Managing products from Python#
The same functionality is available as Python functions in
eomatch.manage_products:
import datetime as dt
from eomatch import EOMatchContext
from eomatch.manage_products import (
download_catalogue_products,
remove_catalogue_products,
)
ctx = EOMatchContext("my_config.yaml")
# Download source products for matching events
paths = download_catalogue_products(
context=ctx,
path="/data/my_catalogue",
collections=["S2_MSI_L1C", "LANDSAT_C2L1"],
start_time=dt.datetime(2023, 6, 1),
stop_time=dt.datetime(2023, 6, 30),
)
print(f"Handled {len(paths)} product(s)")
# Remove downloaded products from disk (and deregister from catalogue)

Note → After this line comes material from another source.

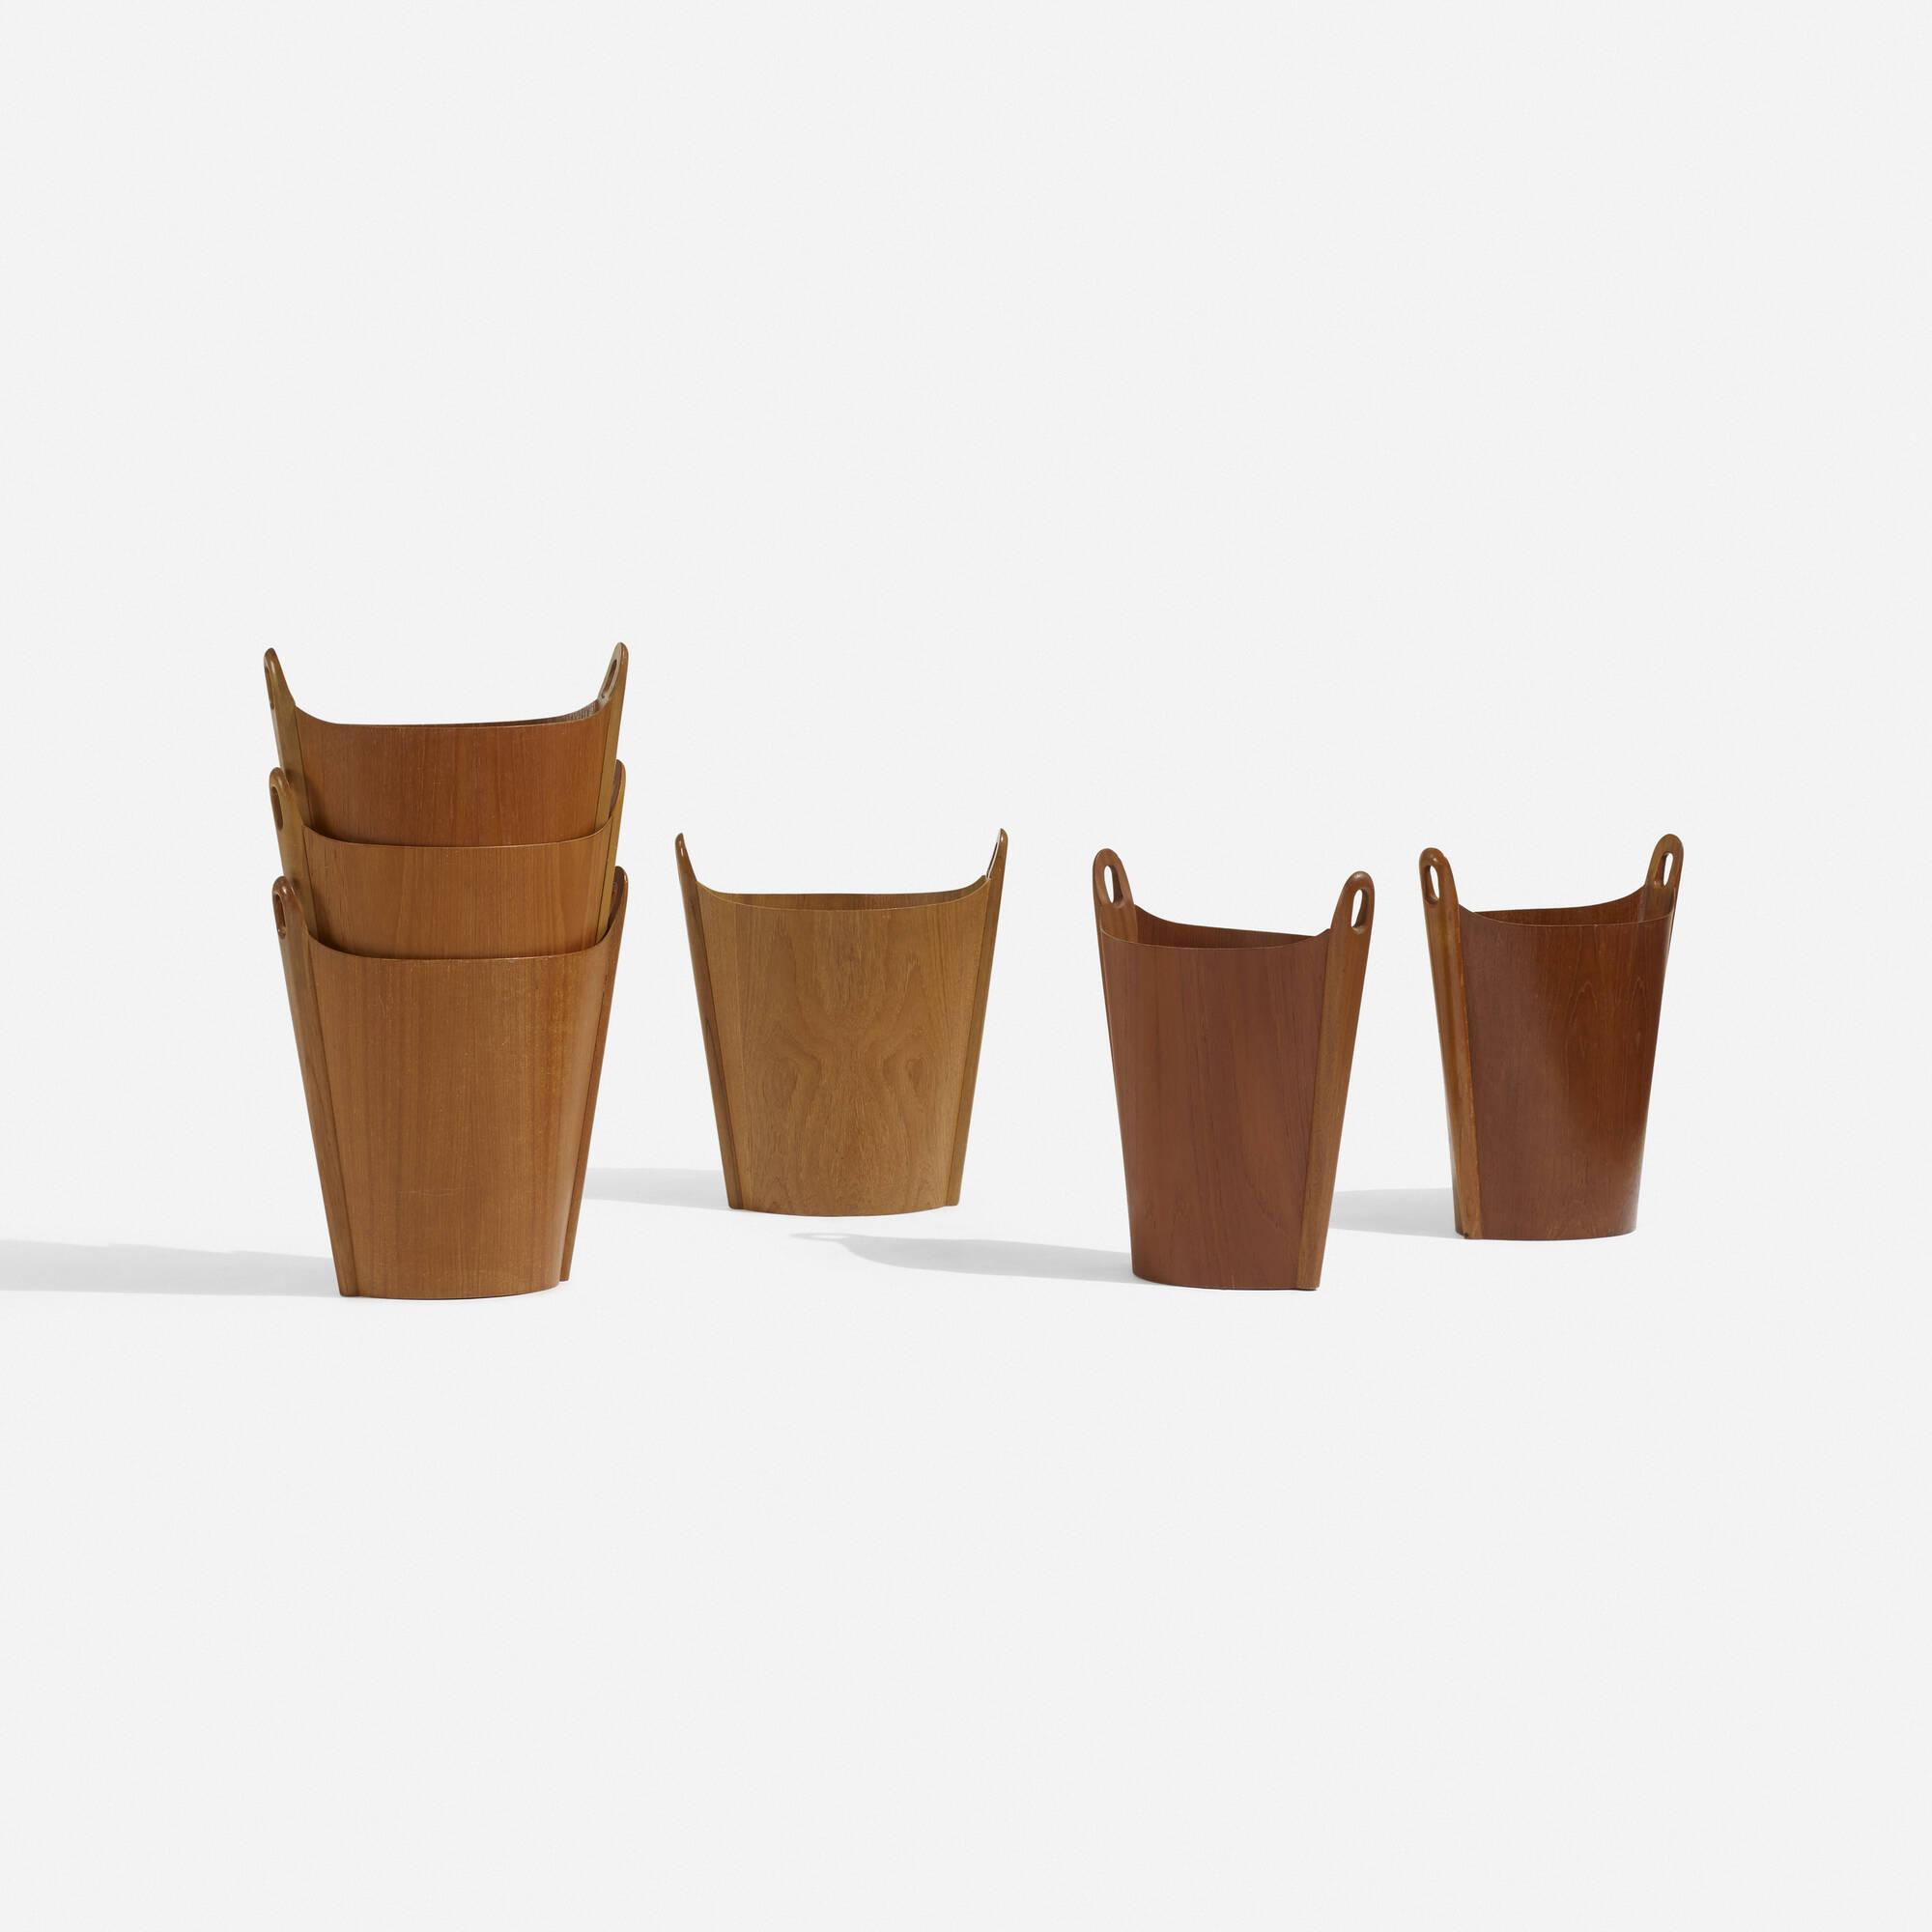 185: P.S. Heggen / wastepaper baskets, set of six (1 of 4)

n = remove_catalogue_products(
context=ctx,
path="/data/my_catalogue",
collections=["S2_MSI_L1C", "LANDSAT_C2L1"],
delete_files=True, # set False to keep files, remove asset reference only
)
print(f"Removed {n} product asset(s)")
Both functions open the catalogue, apply the filters, and then act on every
matching event. Products that appear in multiple matchups are processed only
once. download_catalogue_products()
registers a "data" STAC asset on each product Item after downloading so
that the catalogue tracks which products are present on disk.
Attaching assets#
You can attach arbitrary STAC assets to any Item or Collection in the catalogue — useful for storing processing outputs alongside the raw products:
import pystac
asset = pystac.Asset(href="/data/results/mu_stats.csv", media_type="text/csv")

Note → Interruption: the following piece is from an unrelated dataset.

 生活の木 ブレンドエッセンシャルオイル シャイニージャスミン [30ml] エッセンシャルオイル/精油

# Attach to a single matchup Item
cat.add_matchup_asset(mu, asset_key="statistics", asset=asset)
# Attach to a matchup event Item
cat.add_event_asset(event, asset_key="thumbnail", asset=pystac.Asset(...))
# Attach to the matchup Collection (sensor-pair level)
cat.add_matchup_collection_asset(mu, asset_key="report", asset=pystac.Asset(...))
Corresponding remove_* methods are available for all three levels and will
optionally delete the local file from disk.